Kopi tersebut ditanam di lahan seluas sekitar 7 hektare (ha). Produktivitasnya rata-rata mencapai 1 ton per hektare per tahun. Artinya, green bean kopi Yellow Caturra di wilayah itu bisa menghasilkan sekitar 7 ton per tahun.
Kepala Dinas Pertanian dan Pangan Banyuwangi Danang Hartanto mengatakan, asal usul Yellow Caturra diperkirakan berasal dari wilayah Kolombia, Kosta Rika, dan sekitarnya. Kopi ini kemudian dikembangkan di Brasil dan dibawa masuk ke Indonesia era penjajahan Belanda.
Kopi langka ini kemudian tumbuh di beberapa daerah, termasuk di lereng Gunung Raung.
Baca juga: Muatan Tersangkut, Truk Tabrak Tembok Toko Modern di Bondowoso
"Tidak banyak daerah di Indonesia yang bisa mengembangkan kopi ini," kata Danang, Minggu (1/2/2026).

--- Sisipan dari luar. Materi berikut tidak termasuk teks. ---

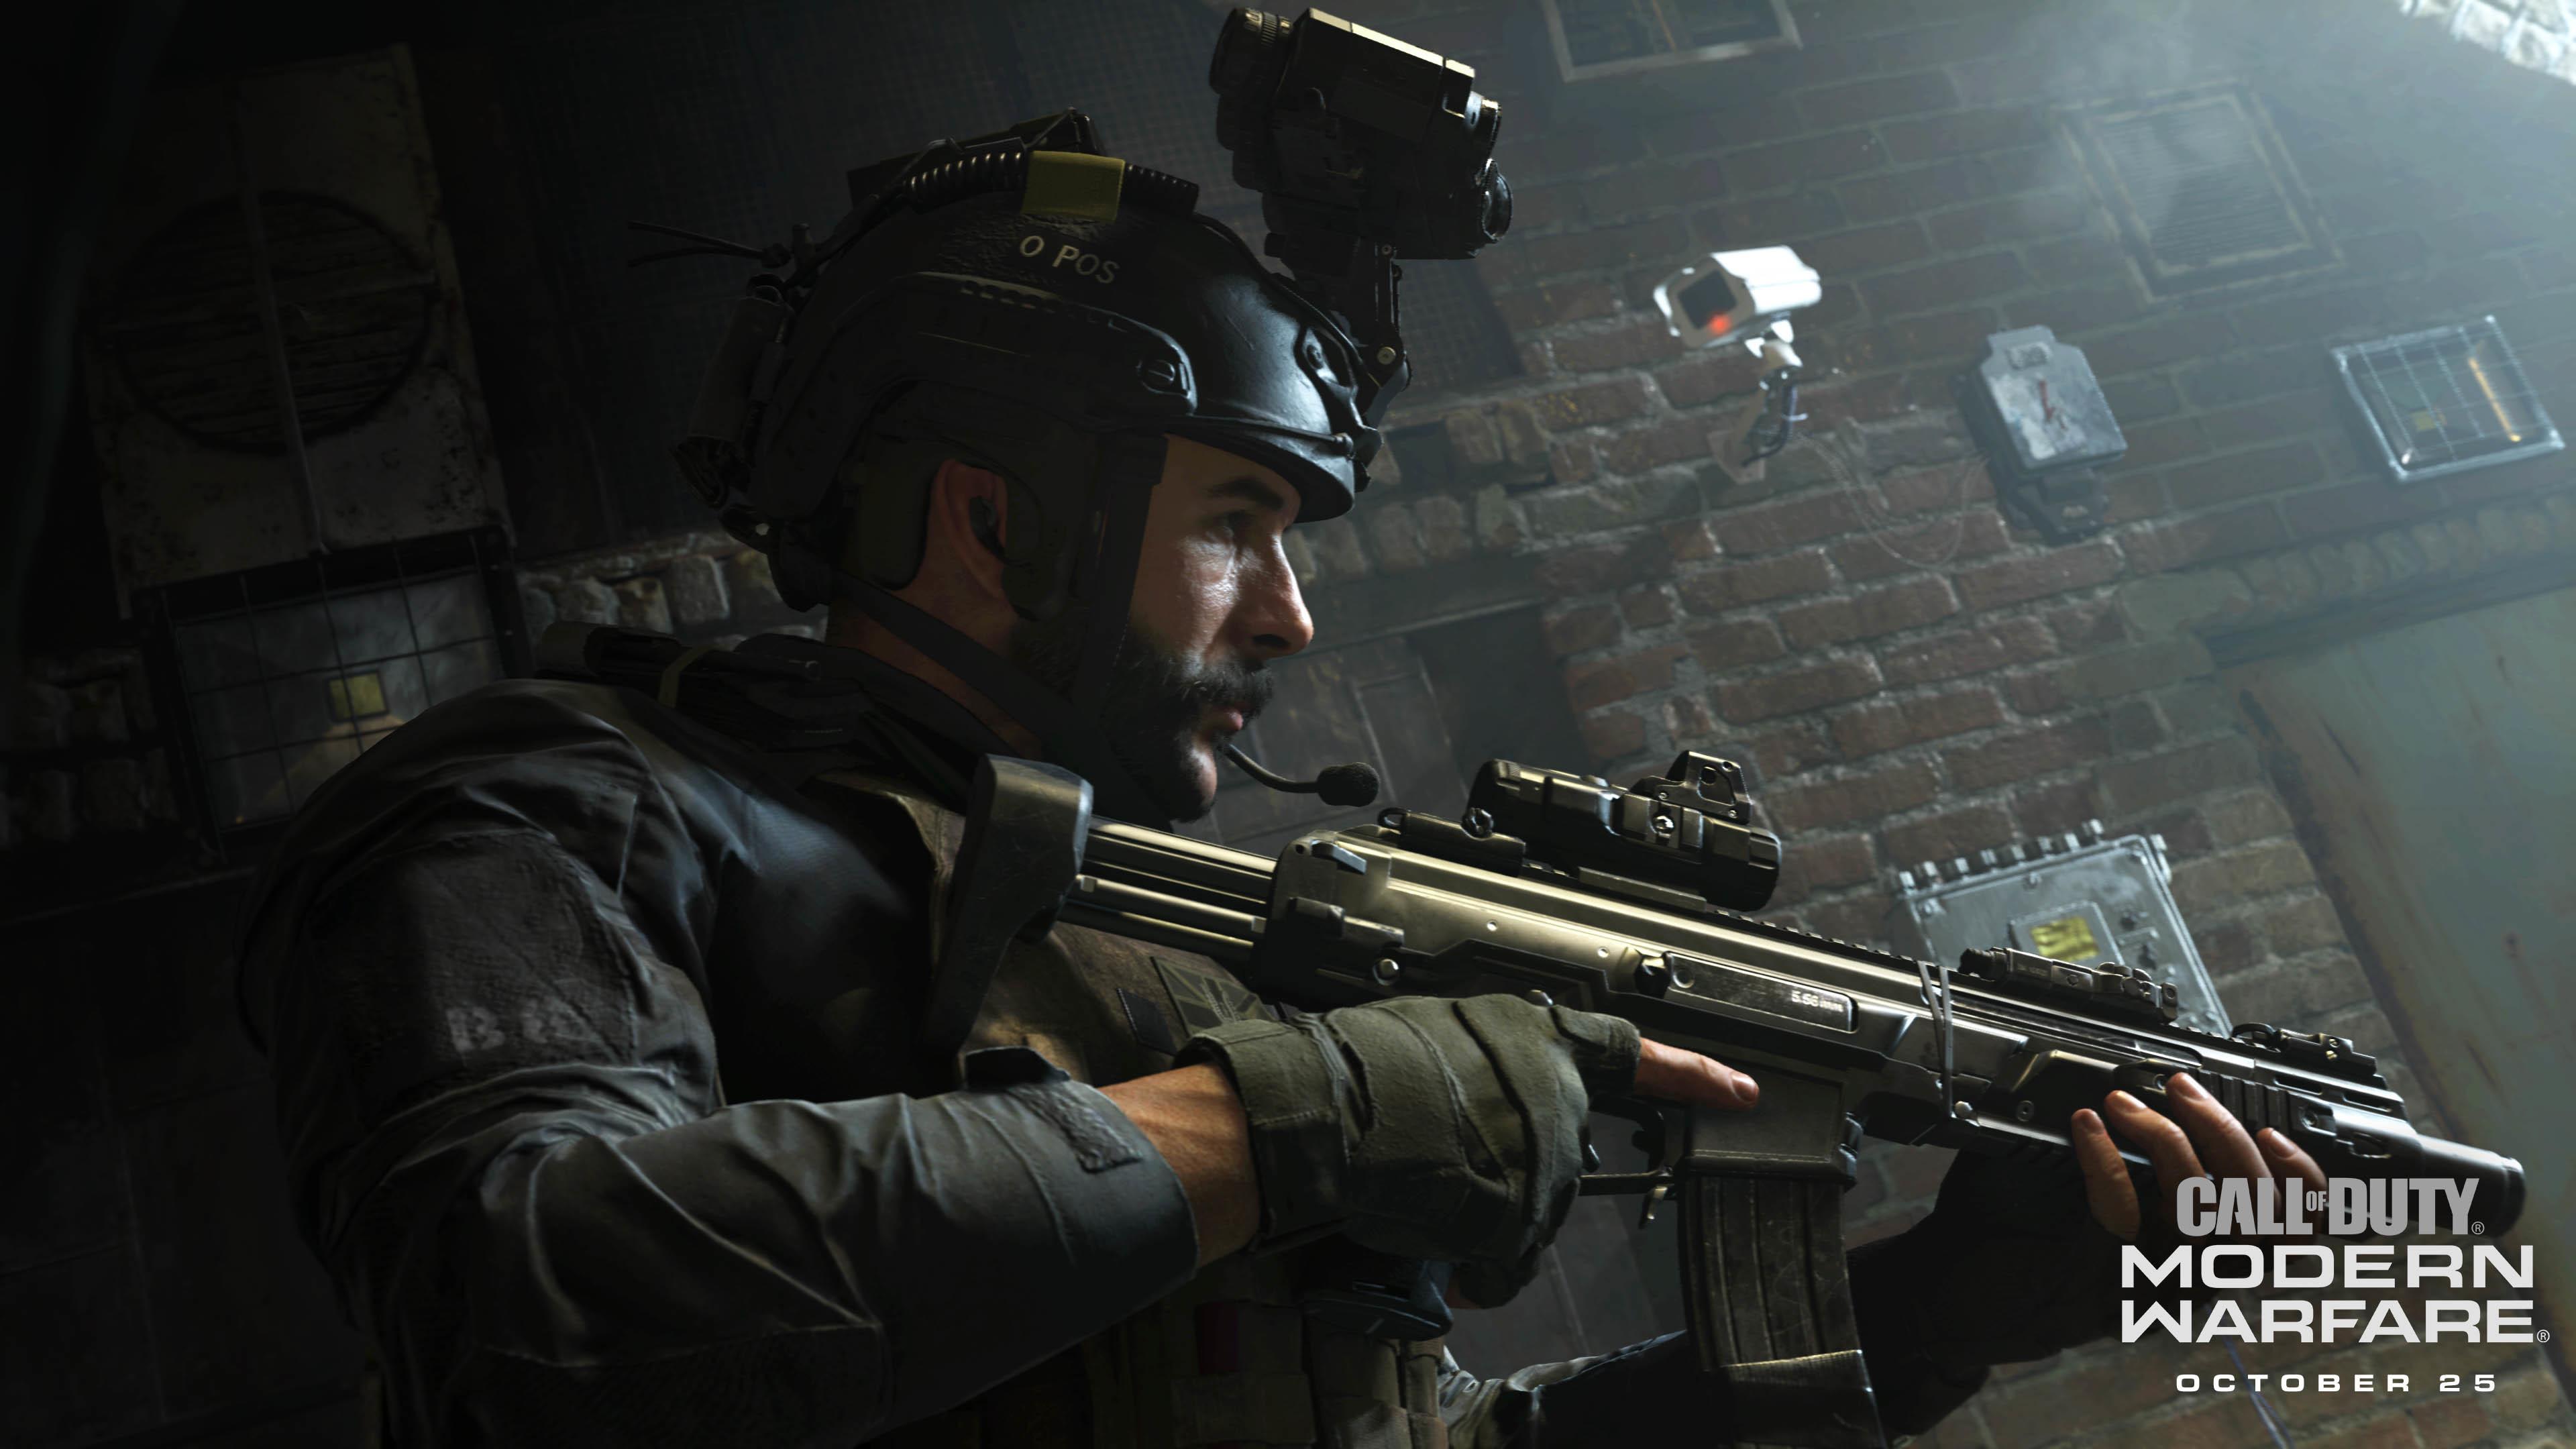 Modern Warfare E3 2019 001
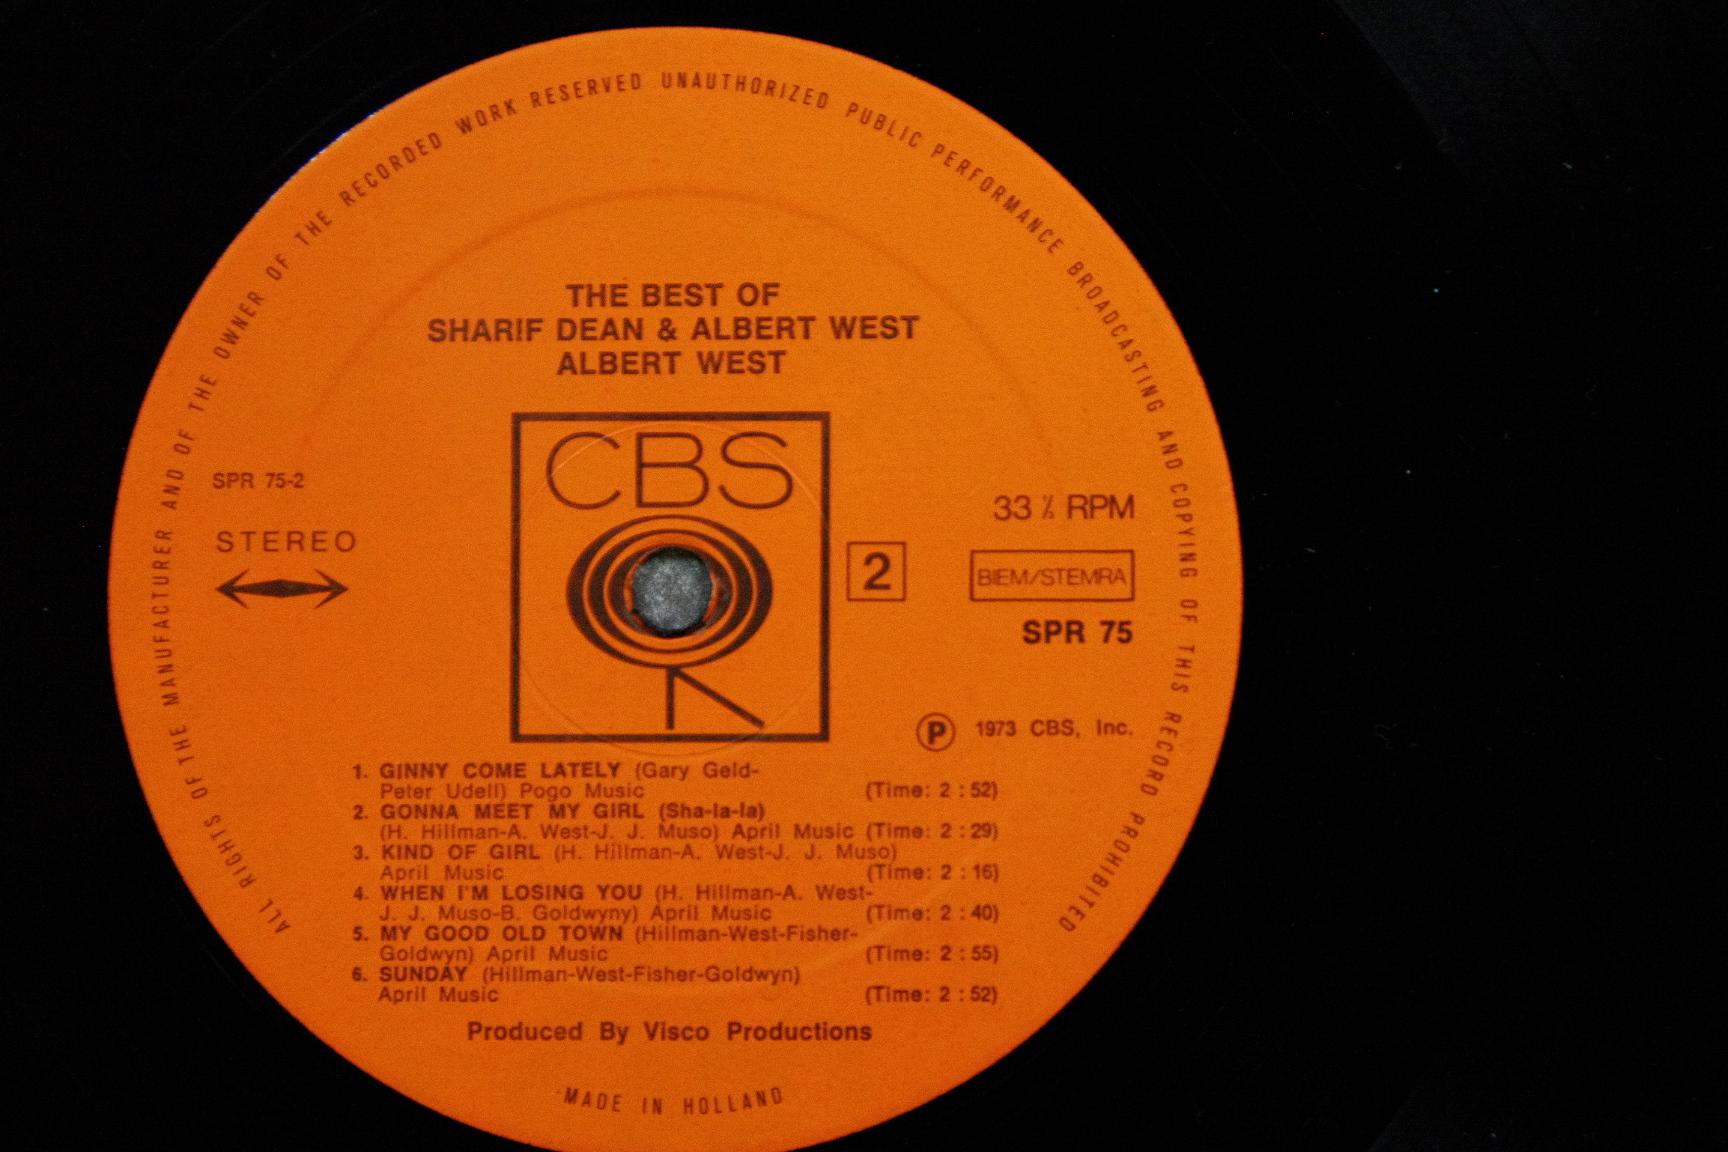 В поисках утраченного диски, такие, продавали, место, демократов, монстры, названиями, Records, Мелодии, покупали, нибудь, бабочкой, Chrysalis, джинсы, какой, тогда, Music, совершенно, какие, должен

Yellow Caturra merupakan kopi arabika yang memiliki beberapa perbedaan dengan arabika lain. Buah kopi ini ketika matang berwarna kuning, bukan merah.
Kopi ini juga memiliki profil rasa yang kaya akan aroma buah-buahan (lemon dan apel) serta bunga. Yellow Caturra juga memiliki tingkat keasaman seimbang dan rasa manis.
Karakteristik rasa yang kompleks ini membuat kopi tersebut menjadi incaran para pencinta kopi. Secara harga, kopi jenis ini berada di atas rata-rata kopi arabika lokal.
Danang mengatakan, topografi lereng Gunung Raung mendukung Yellow Caturra tumbuh baik. Ketinggian yang ideal dan tanah vulkanik yang subur membuat kopi bisa tumbuh dengan maksimal.
"Jadi Banyuwangi memiliki potensi kopi yang kualitas dan cita rasanya potensial untuk pasar internasional," imbuhnya.
Danang mengatakan, upaya-upaya diversifikasi produk pertanian terus jalankan, termasuk dalam pengembangan kopi langka tersebut. Pihaknya berharap, budidaya produk kopi tersebut akan menguat. Sehingga potensi pasarnya juga akan semakin luas.